Adapting computer science concepts to work for financial professionals. Computability, computational complexity, and the language of algorithms and problem solving. A survey of important data structures. More advanced testing and verification topics.
Computer science as a term can be a bit misleading because of the overwhelming association with the physical desktop or laptop machines that we call “computers”. The discipline of computer science is much richer than consumer electronics: at its core, computer science concerns itself with areas of research and answering tough questions:
For a reader in the twenty-first century we hope that it is patently obvious how impactful the applied computer science has been as an end-user of the internet, artificial intelligence, computational photography, safety control systems, etc. have been to our lives. It is a testament to the utility of being able to harness computer science ideas for practical use.
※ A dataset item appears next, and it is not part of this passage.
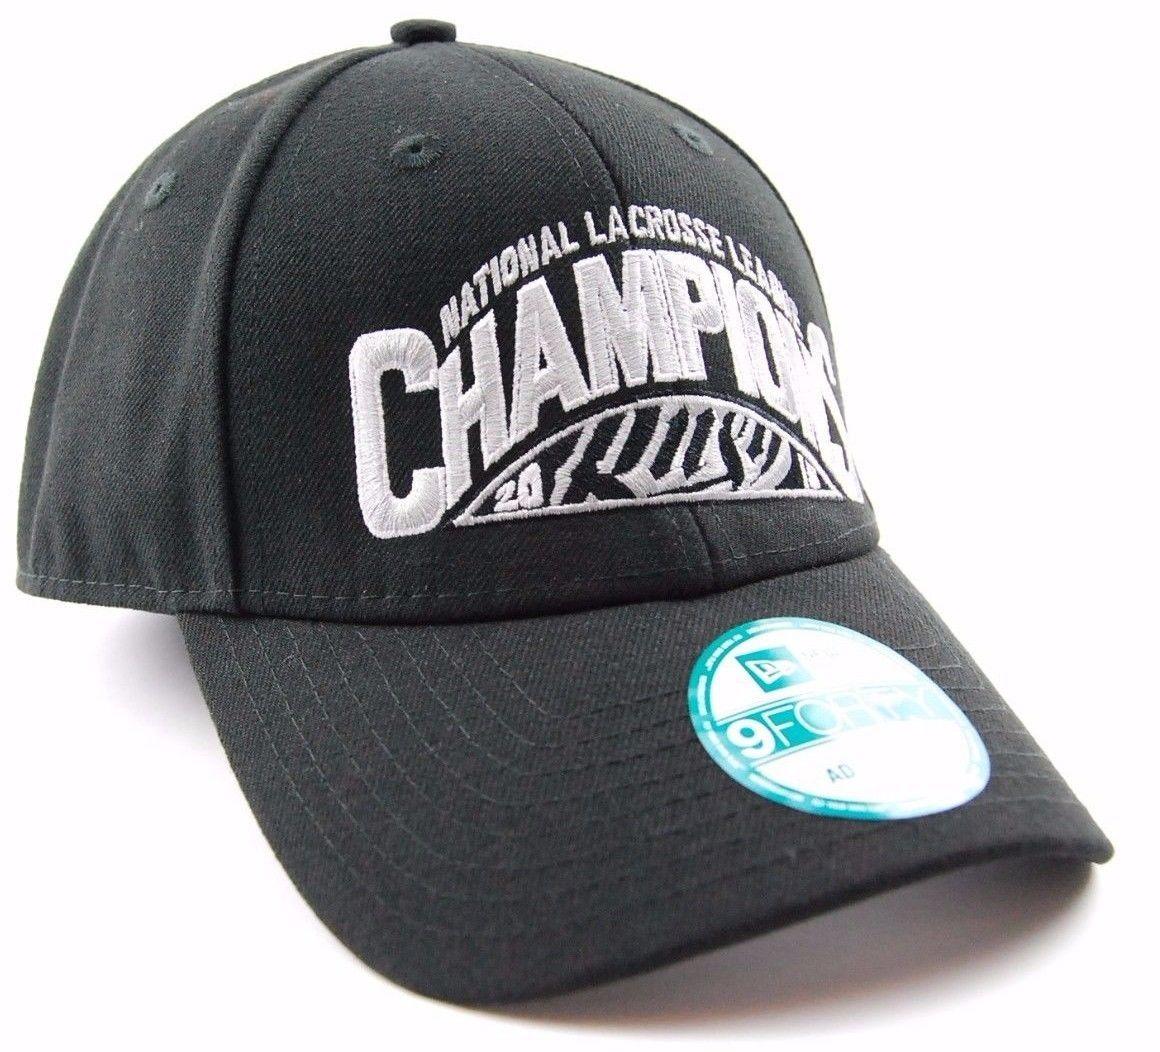 Saskatchewan Rush New Era 9FORTY 2015 NLL Champions Lacrosse Cap Hat  OSFM

It’s common for beneficial advances in knowledge and application to occur at the boundary between two disciplines. It’s here in this chapter that we desire to bring together the financial discipline together with computer science and to provide the financial practitioner with the language and concepts to leverage some of computer science’s most relevant ideas.
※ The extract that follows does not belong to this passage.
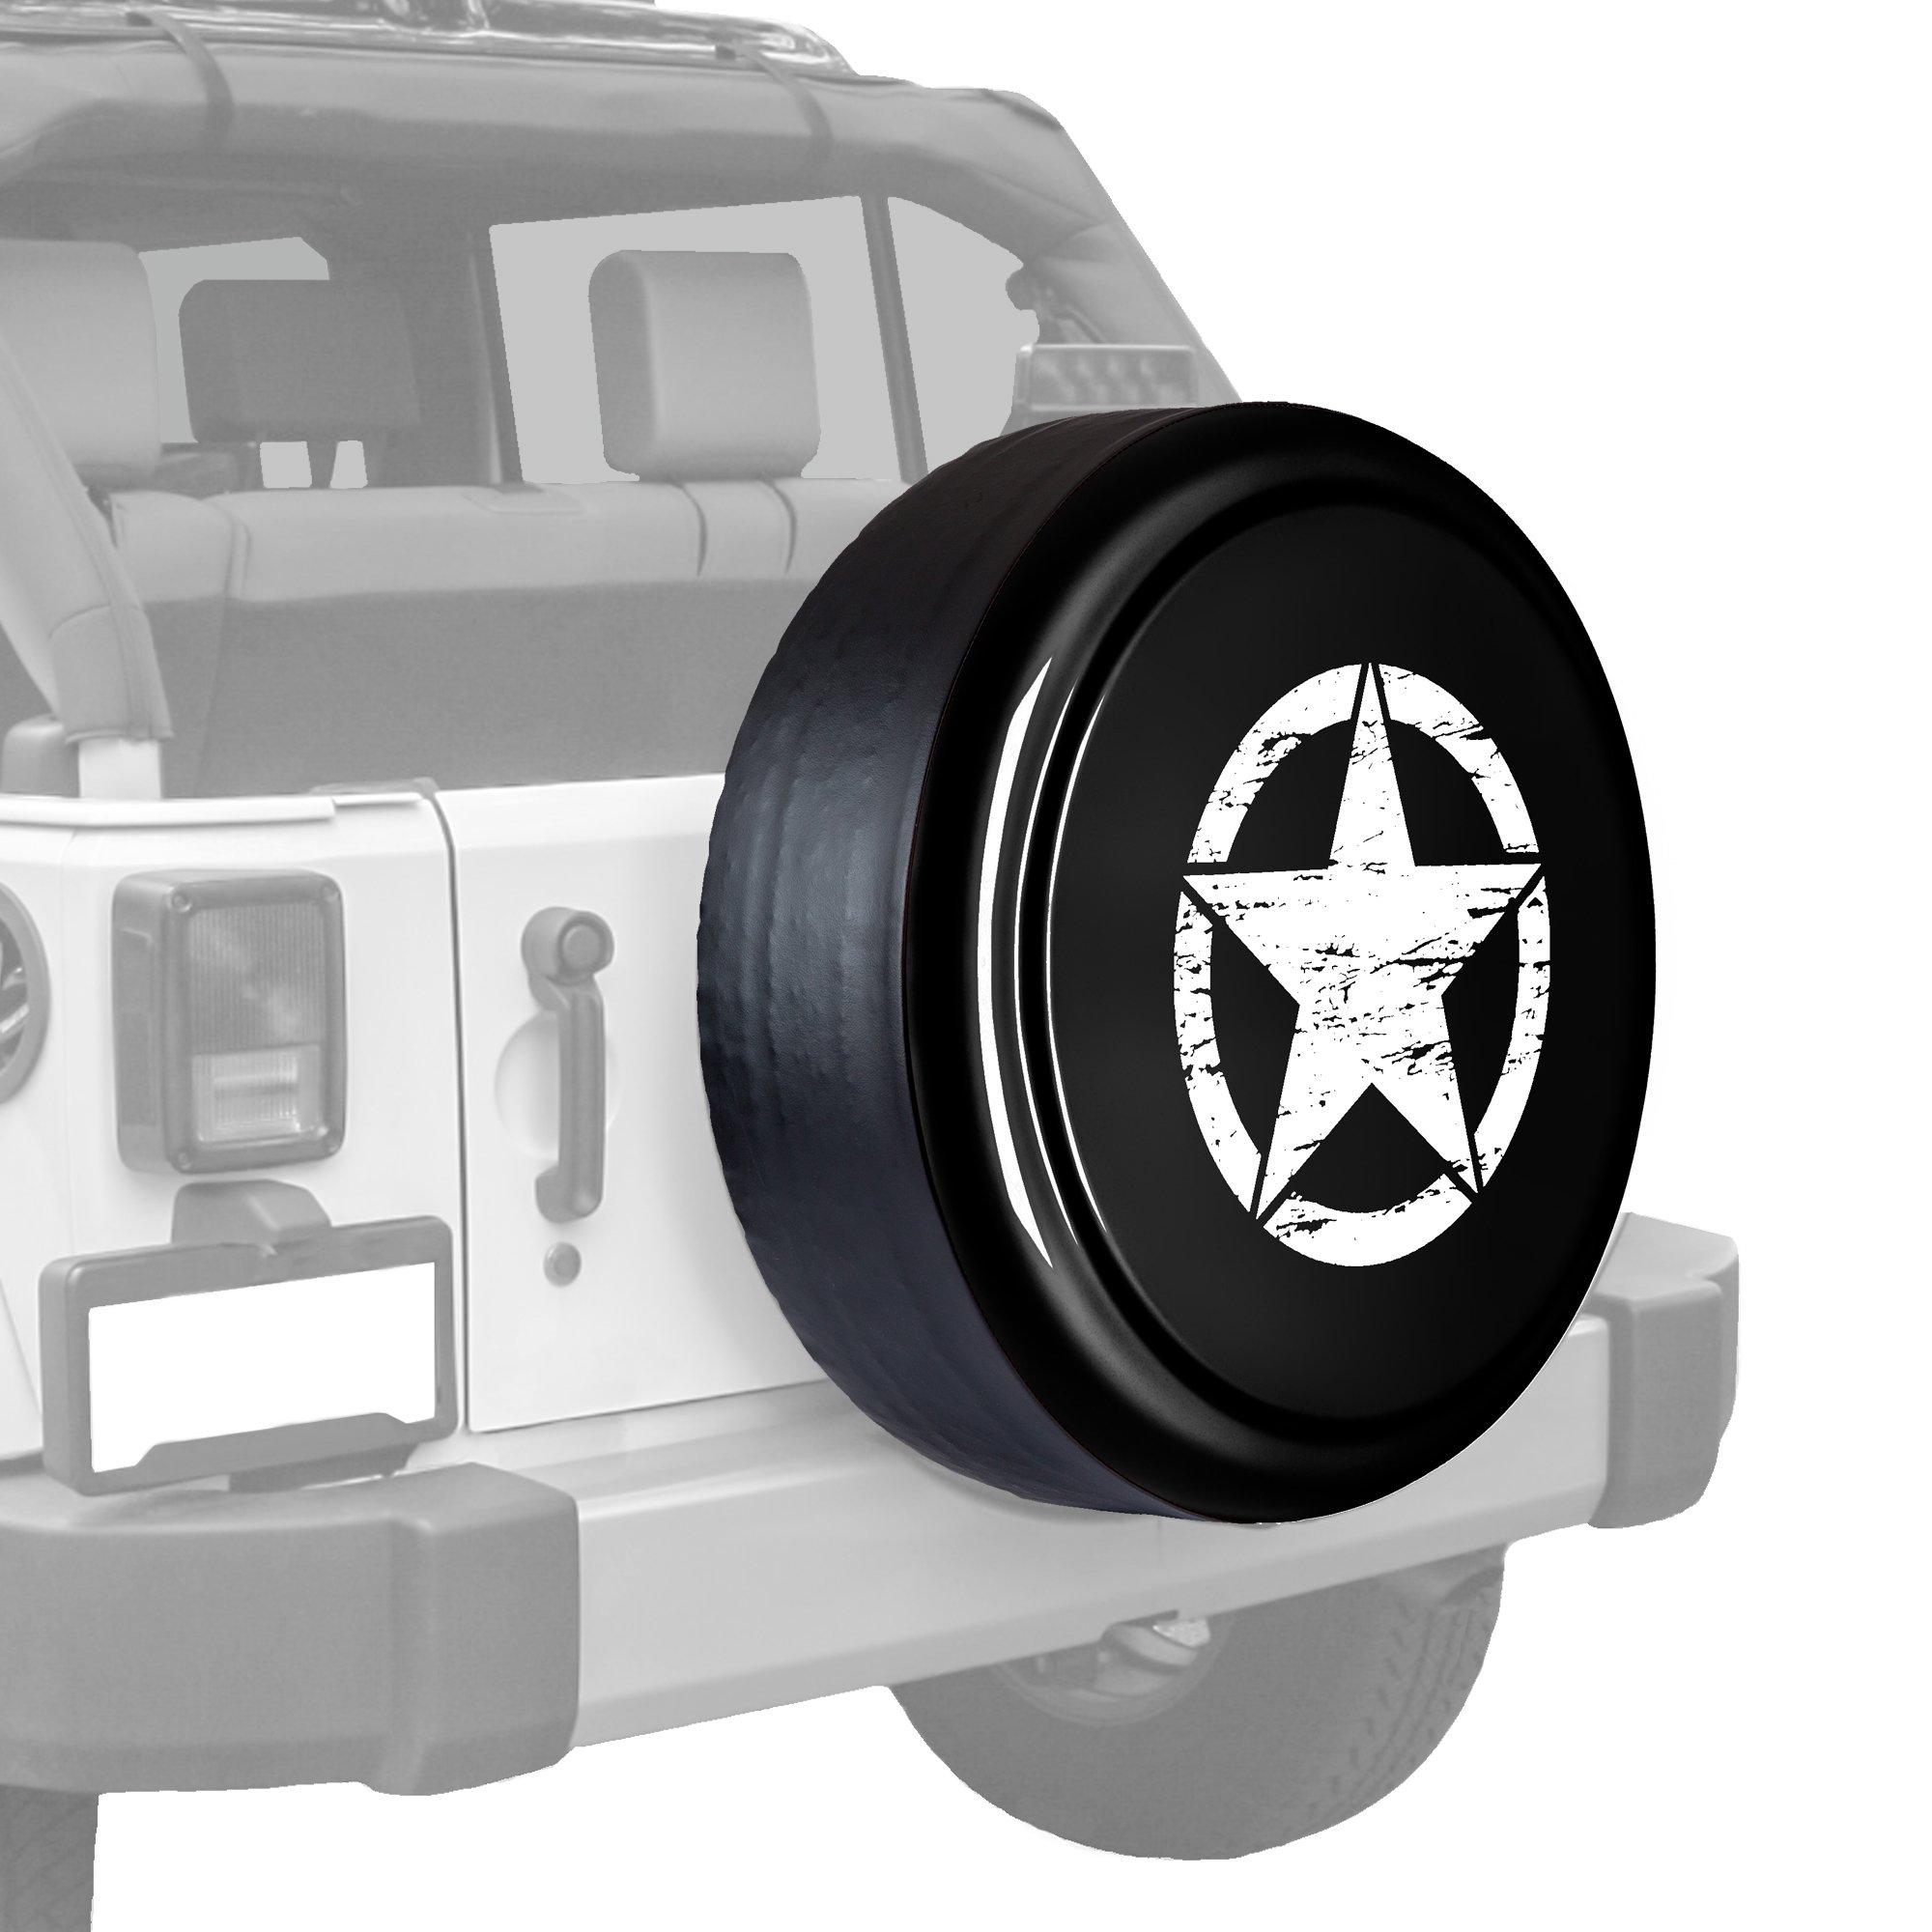 32'' Distressed Star - Rigid Tire Cover (Plastic Face & Vinyl Band) - 2007-2015 Jeep Wrangler (JK)- Unpainted Black

An Algorithm is a general term for a process that transforms an input to an output. It’s the set of instructions dictating how to carry out a process. That process needs to be specified in sufficient detail to be able to call itself an algorithm (versus a heuristic which lacks that specificity).
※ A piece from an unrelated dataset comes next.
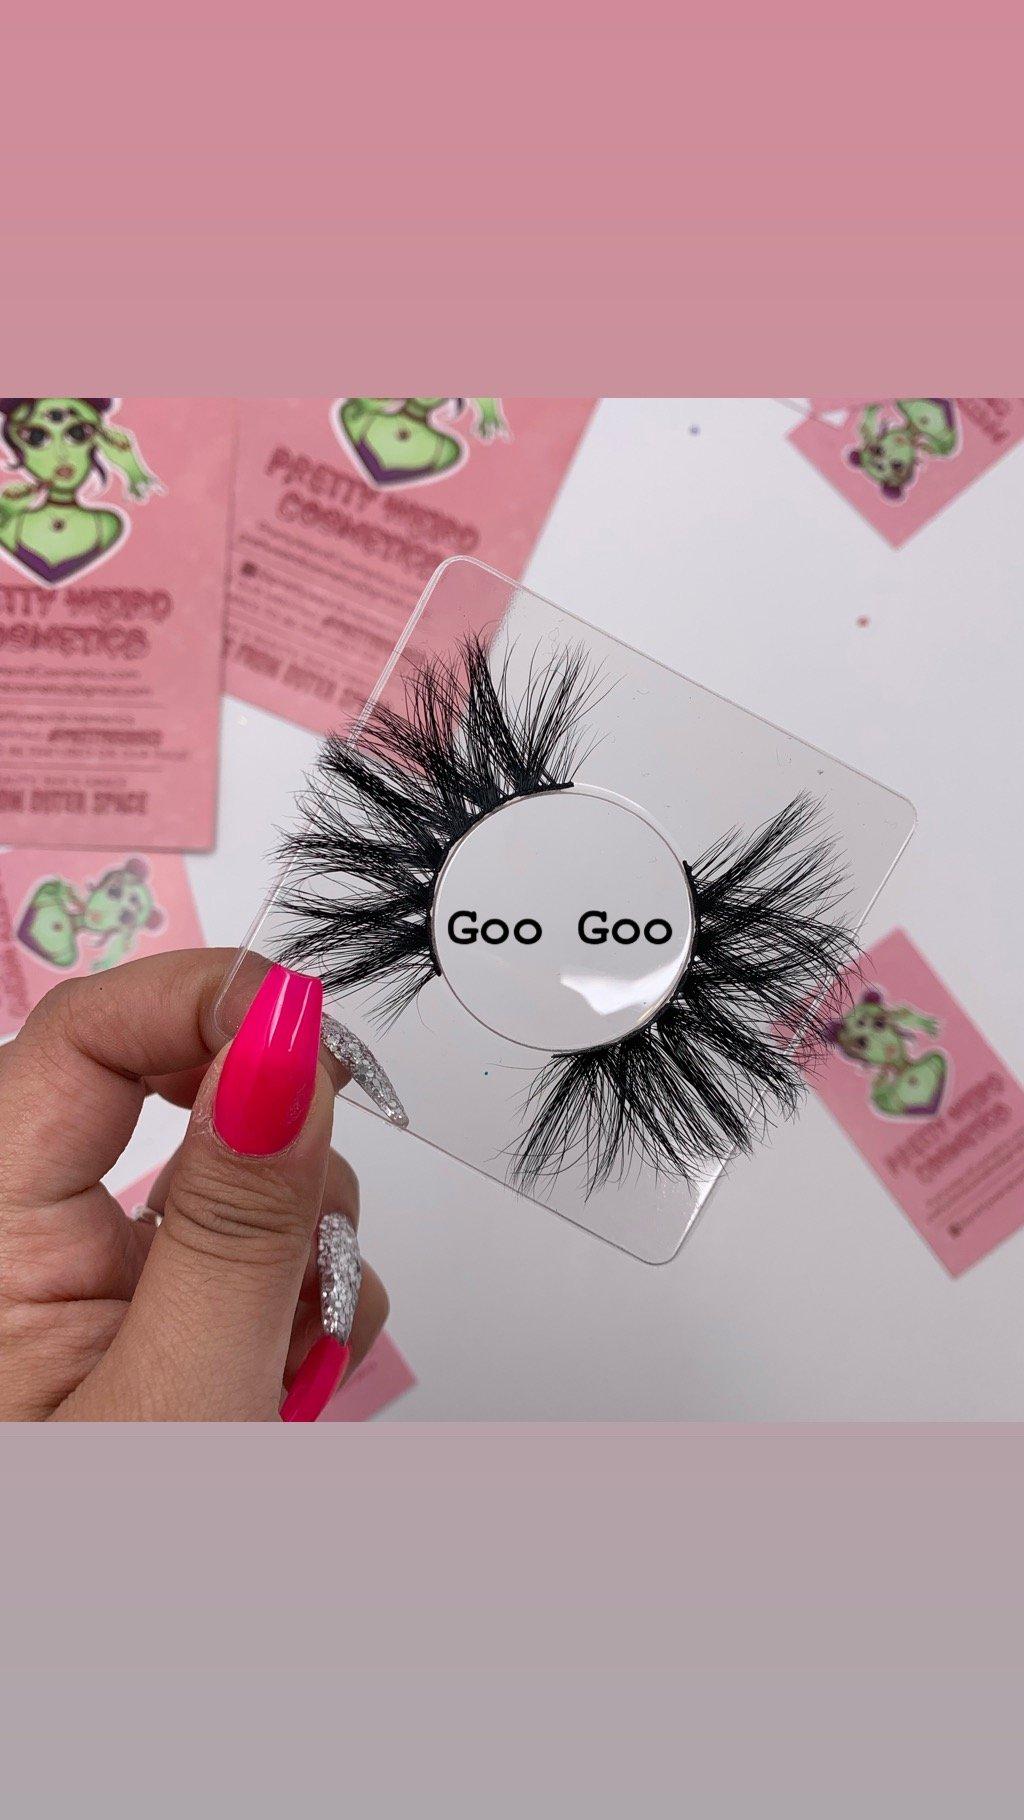 Image of GOO GOO

An algorithm might be the directions to accomplish the following task: summing a series of consecutive integers integers from \(1\) to \(n\). There are multiple ways that this might be accomplished, each one considered a distinct algorithm:
iterating over each number and summing them up (starting with the smallest number)
iterating over each number and summing them up (starting with the largest number)
summing up the evens and then the odds, then adding the two subtotals
and many more distinct algorithms…
We will look at some specific examples of these alternate algorithms as we introduce the next topic, computational complexity.
We can characterize the computational complexity of a problem by looking at how long an algorithm takes to complete a task when given an input of size \(n\). We can then compare two approaches to see which is computationally less complex for a given \(n\). This is a way of systematically evaluating an algorithm to determine it’s efficiency when being computed.
Note that computational complexity isn’t quite the same as how fast an algorithm will run on your computer, but it’s a very good guide. Modern computer architectures can sometimes execute multiple instructions in a single cycle of the CPU making an algorithm that is, on paper slower than another, actually run faster in practice. Additionally, sometimes algorithms are able to substantially limit the number of computations to be performed, at the expense of using a lot more memory and thereby trading CPU usage with RAM usage.
You can think of computational complexity as a measure of how much work is to be performed. Sometimes the computer is able to perform certain kinds of work more efficiently.
Further, when we analyze an algorithm recall that ultimately our code gets translated into instructions for the computer hardware. Some instructions are implemented in a way that for any type of number (e.g. floating point), it doesn’t matter if the number is 1.0
or 0.41582574300044717
, the operation will take the exact same time and number of instructions to execute (e.g. for the addition operation).
Sometimes a higher level operation is implemented in a way that takes many machine instructions. For example, division instructions may require many CPU cycles when compared to multiplication or division. Sometimes this is an important distinction and sometimes not. For this book we will ignore this granularity of analysis.
Take for example the problem of determining the sum of integers from \(1\) to \(n\). We will explore three different algorithms and the associated computational complexity for them.
A mathematical proof can show a simple formula for the result. This allows us to compute the answer in constant time, which means that for any \(n\), our algorithm is essentially the same amount of work.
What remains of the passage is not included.